Questo vale anche per l'organizzazione interna: se il ruolo non è chiaro nemmeno all'interno dello studio, la persona inserita rischia di trovarsi in una posizione ambigua fin dai primi giorni, con conseguenze dirette sulla sua permanenza.
Colloquio strutturato: perché conviene prepararlo
Un colloquio strutturato, con domande preparate in anticipo e coerenti tra un candidato e l'altro, permette confronti più oggettivi rispetto a colloqui improvvisati. Non significa renderlo rigido o formale: significa avere chiaro cosa si vuole verificare (esperienza pratica, disponibilità oraria, capacità relazionale, coerenza con l'organizzazione dello studio) e porre domande mirate a quello.
La prova pratica: uno strumento spesso sottoutilizzato
Per ruoli clinici come ASO e igienista dentale, una breve prova pratica in studio (gestione di un set operatorio, osservazione durante una seduta, gestione di un caso simulato) dà informazioni che il colloquio da solo non può dare. È uno strumento sottoutilizzato da molti studi, spesso per mancanza di tempo, ma è uno dei modi più affidabili per valutare la reale competenza tecnica.
Onboarding: la fase che decide se la persona resta
L'inserimento delle prime settimane è spesso il momento in cui si decide se una persona resterà nello studio a lungo termine. Un onboarding poco strutturato, senza un affiancamento chiaro e senza indicazioni esplicite su protocolli e organizzazione interna, genera insicurezza anche in persone competenti.

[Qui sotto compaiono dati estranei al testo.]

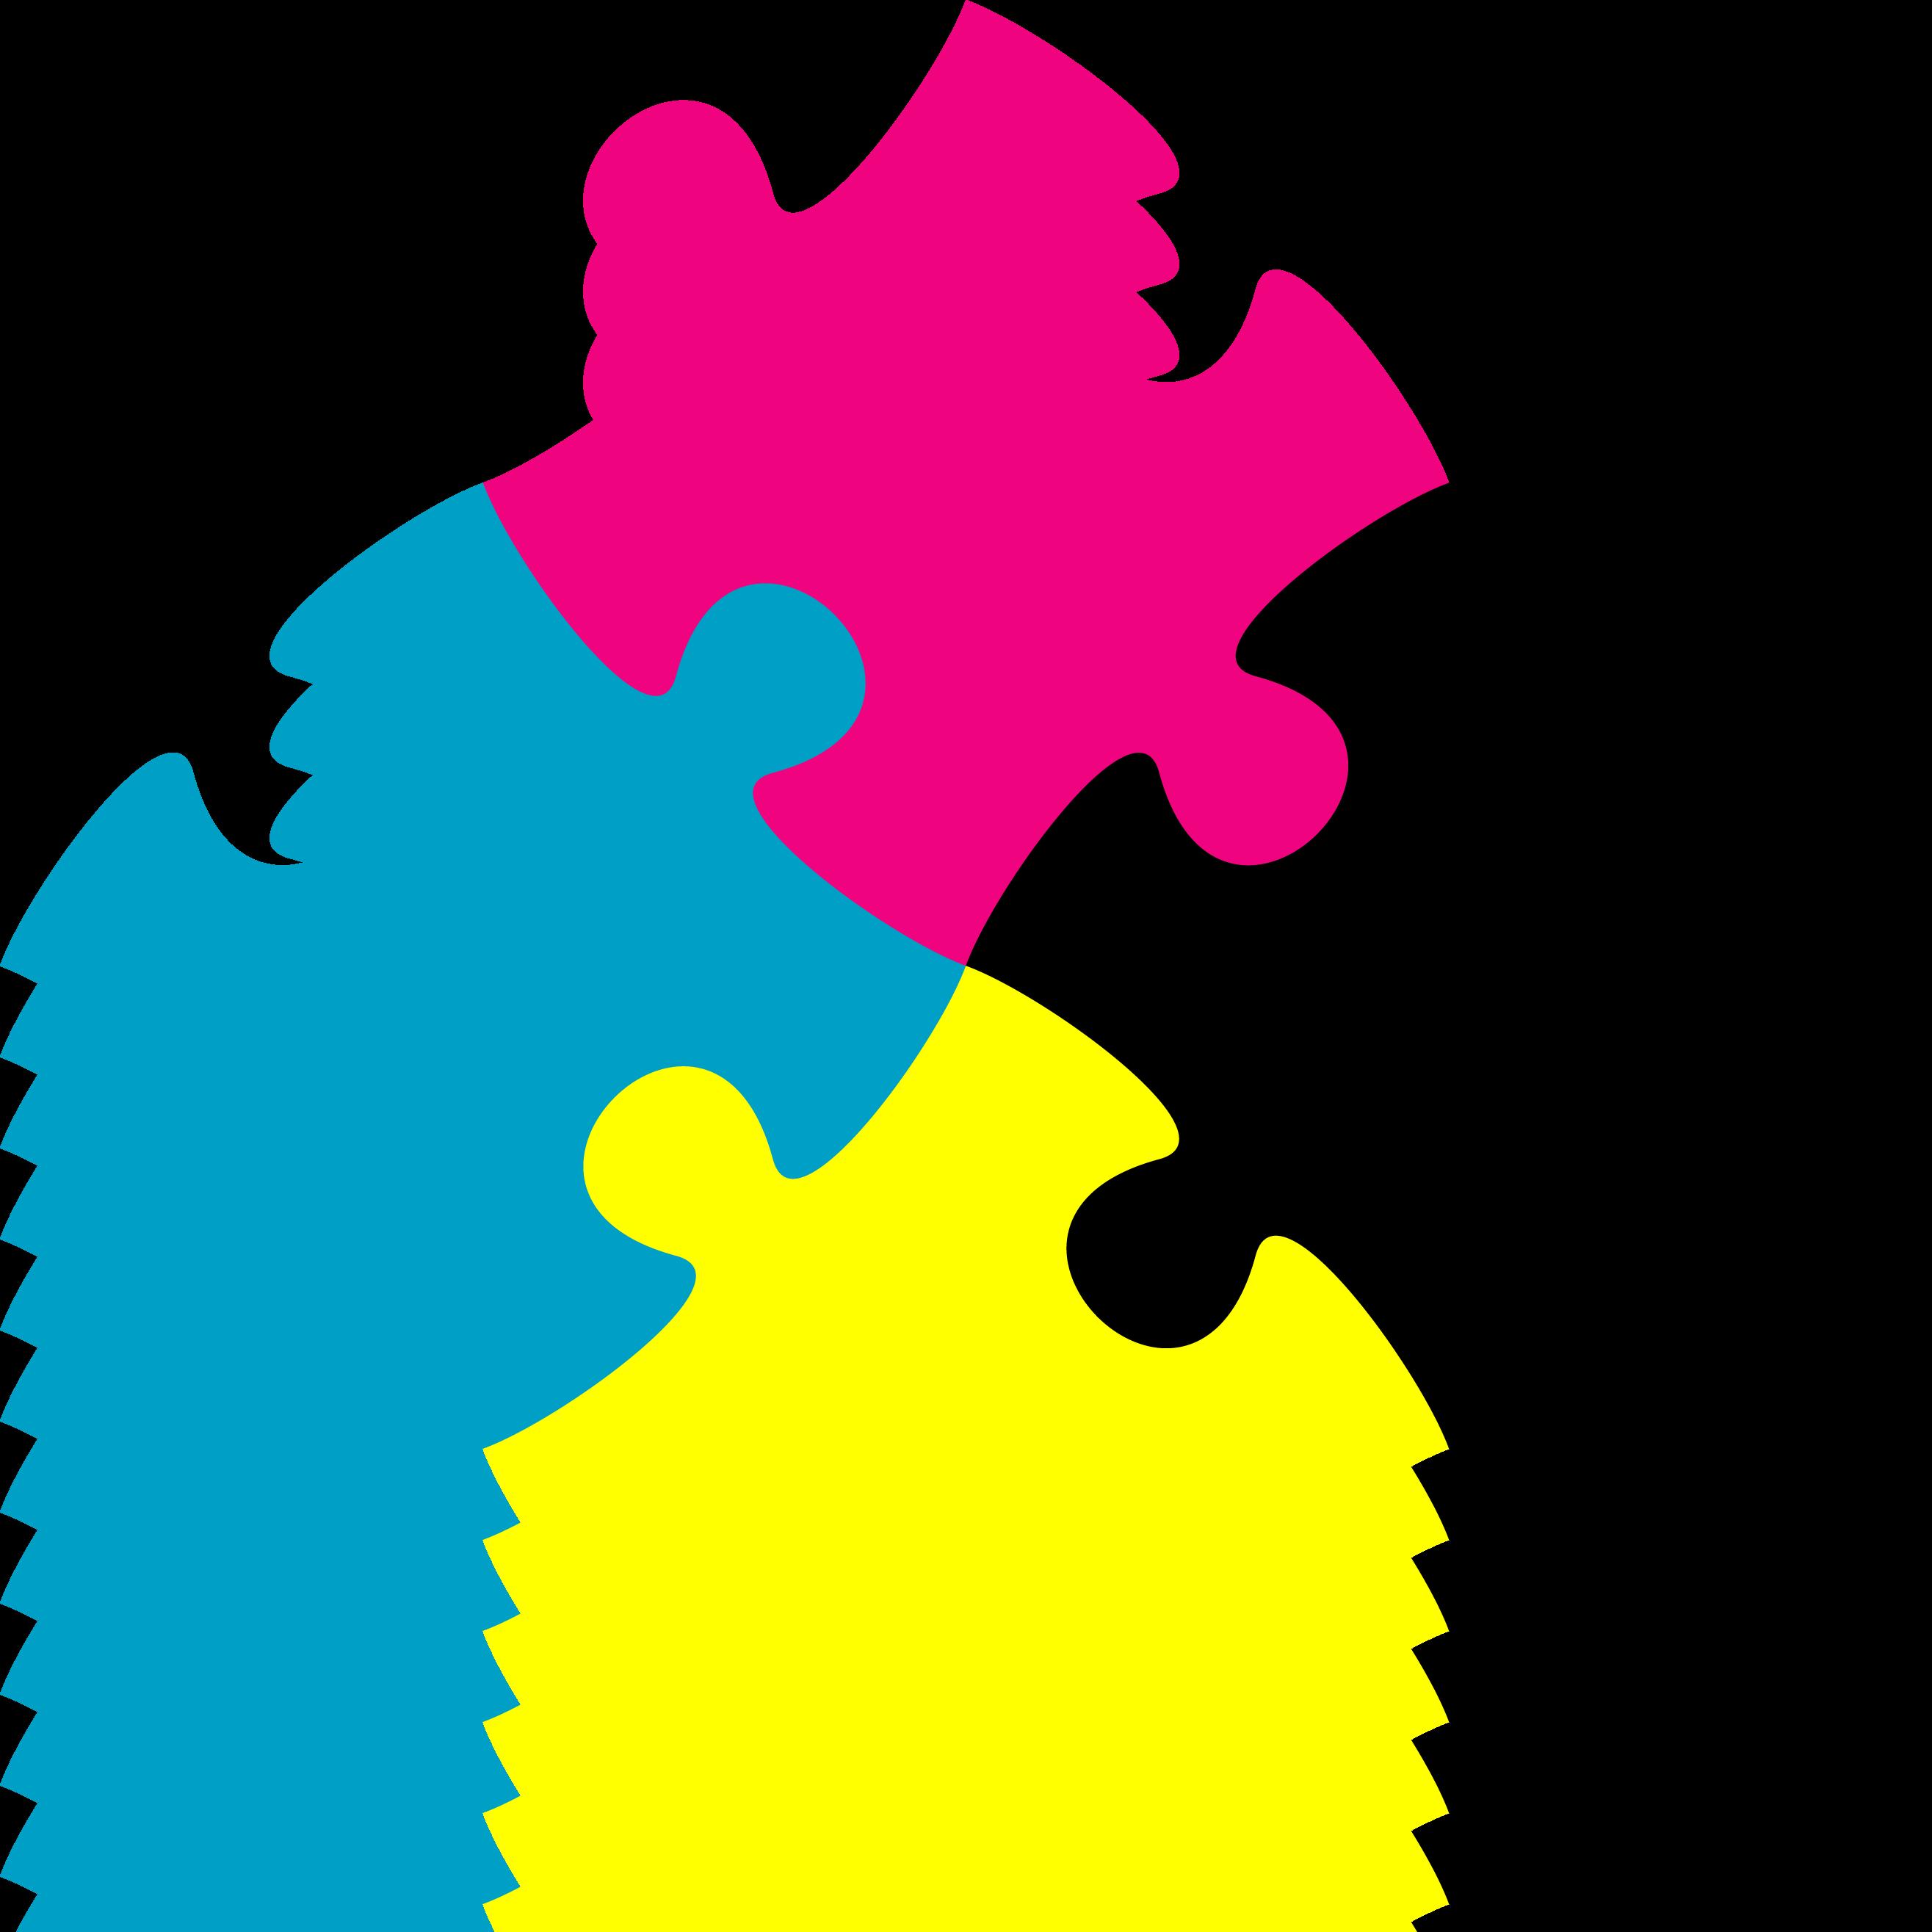 Jigsaw Puzzles Clip art.

- Prevedere un affiancamento reale nei primi giorni, non solo teorico
- Spiegare esplicitamente protocolli, gestionale e organizzazione dell'agenda
- Dare un riferimento chiaro a cui rivolgersi per dubbi operativi
- Fare un primo confronto di verifica dopo le prime settimane
Errori che fanno perdere la persona dopo poco tempo
Tra gli errori più comuni: promettere in fase di colloquio condizioni (orari, mansioni, percorso di crescita) che poi non vengono rispettate nella pratica quotidiana; lasciare la persona senza affiancamento reale nei primi giorni; non chiarire fin da subito l'inquadramento contrattuale e il CCNL applicato.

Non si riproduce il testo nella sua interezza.